Drinkers who commonly mix alcohol with a diet drink are more likely to suffer inebriation according to new research by the U.S. National Institute on Alcohol Abuse and Alcoholism and the U.S. National Institutes of Health.
Researchers conducted studies developed to test the level of intoxication when alcohol is mixed with diet drinkers. The excerpt below was taken from www.cbc.ca and explains the research and its findings:
When researchers had 16 men and women come to a lab three times for different doses of vodka, sweetened and diet pop or a placebo in a random order, they found that consuming alcohol with a diet mixer resulted in 18 per cent higher breath alcohol concentration compared with having the same amount with a sweetened mixer.
“Many people probably chose to mix their alcohol with diet mixers, because they’re concerned about the number of calories they’re consuming,” study author Cecile Marczinski of Northern Kentucky University in Heighland Heights, Ky., said in an interview with CBC News.
“But really having a higher blood alcohol concentration is much more harmful to your body,” in terms of potential damage of the brain, liver and risk for alcoholism.
For the study published in this week’s online issue of the journal Alcoholism Clinical and Experimental Research, Marczinski and colleague Amy Stamates measured the volunteers’ breath alcohol concentrations and had them do computerized tests measuring response time and error rates like those of a driver who has decide to hit the gas or brake, they also found higher rates of impairment with the diet mixers.
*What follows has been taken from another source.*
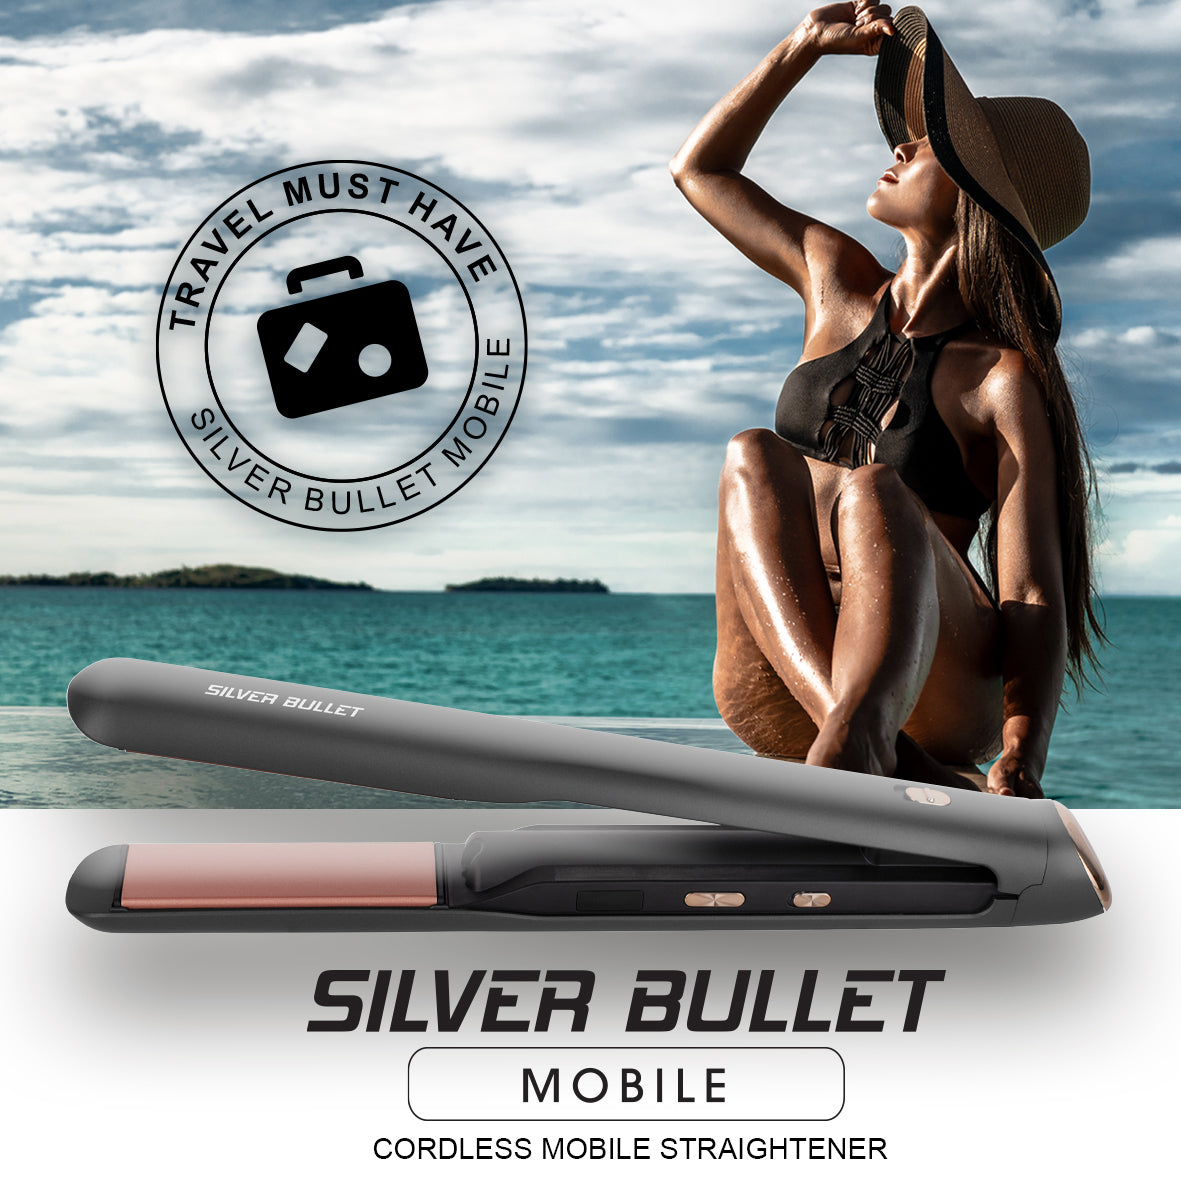 Silver Bullet Mobile Straightener Cordless (25mm) Travel must-have!

According to researchers the stomach recognises sugary mixers like it does food therefore because diet drinks have little or no sugar, the drink is digested and absorbed faster, causing intoxication. The effect is similar to that of drinking on an empty stomach because there is no sugar to slow down the process.
All the participants who had alcohol mixed with diet mixers demonstrated blood alcohol levels above 0.08, well above the legal limit in that country. However they all demonstrated the same willingness to drive regardless of their intoxication. All the participants appeared to be unaware of the difference in their breath alcohol levels.
Researchers have warned that consumers need to be made aware about these elevations in breath alcohol concentration in order to safe guard themselves and avoid risky behaviour such as driving.
Consumers that drink and drive should be aware that if they consume alcohol and diet mixers they may go over the legal limit and this could have severe implications for them. Women in particular are more fond of mixing alcohol with diet drinks especially when out at clubs and bars and so they may be the most vulnerable to this phenomenon.
Although almost everyone who drinks is aware of the effects of drinking on an empty stomach, they need to also be made aware of how diet drinks containing artificial sweeteners increase the risk of intoxication.